Protests to save the Archaeology department at Sheffield University Photo: Alistair Tice (uploaded 28/07/2021)
Protests to save the Archaeology department at Sheffield University Photo: Alistair Tice (uploaded 28/07/2021)

Don’t let Tories scrap my degree and others like it

Jo Hall, English Literature student, Sheffield Hallam

Sheffield Hallam University plans to scrap the stand alone English literature course for new entrants in 2023. From then on, it will only be buried in another degree course as a secondary module.

Sheffield Hallam has given no explanation beyond a ‘shake-up’ of how English is taught. This is part of a wider attack on the humanities.

The Tory government is planning new attacks. Universities could face penalties for courses where less than 60% of graduates are in study or professional jobs 15 months after completion.

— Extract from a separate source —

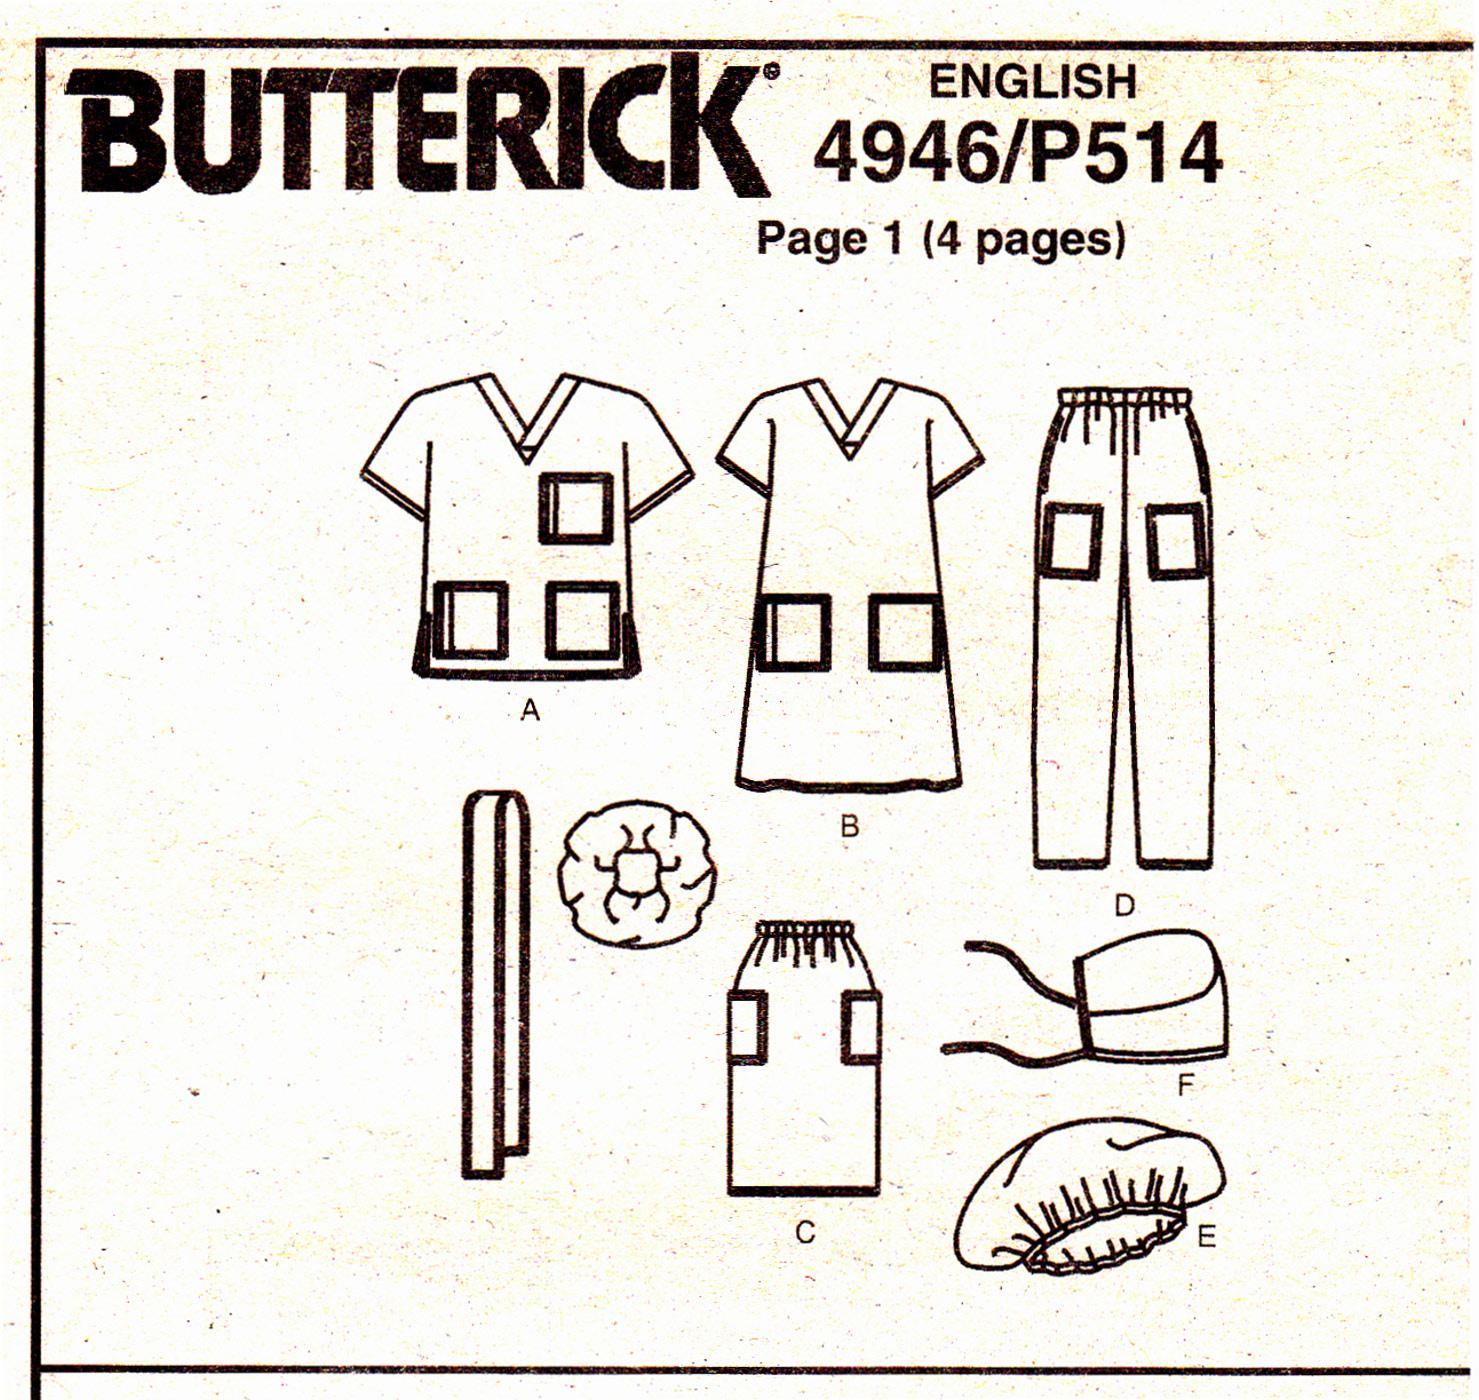 Butterick 4946 Scrubs Uniforms Unisex Sewing Pattern Dress Pants Top Sizes L-XL

Dr Mary Peace, an English literature lecturer at Sheffield Hallam, described these cuts as “cultural vandalism… what kind of society will we have if there is no place for people from all social classes and backgrounds to have the chance to read and think?”

The Tories’ Office for Students has threatened to cut funding for ‘low-value’ courses. By ‘value’, they mean what matters to the capitalists.

We face real dangers to education. Limited academic freedom is under attack, with the government’s focus on ‘financial return’. They want to keep the next generation right where they can.

Assault on poor students

This is an assault on working-class arts. Just over 40% of Hallam students are from poor economic backgrounds.

Michelle Donelan has now resigned as Tory education secretary. But when she was in the Tory government, she said: “Courses that do not lead students on to work or further study fail both the students, who pour their time and effort in, and the taxpayer, who picks up a substantial portion of the cost.”

It is true that graduate work for humanities and arts students is low-paid, with many courses under the Tories’ self-imposed thresholds for beginning to pay back student loans. But that is the fault of private companies as well as the government failing to create decent jobs.

Donelan claims certain courses will inevitably result in underemployment. However, it is only inevitable under one context: capitalism, which Donelan and peers want to protect.

The Tory government isn’t interested in education but, rather, what education can do for them – streamlining people into profit-making industries. The Tories don’t want the arts to be for us, despite it often being made by us. They want to keep it an elite pastime, not a legitimate working-class livelihood.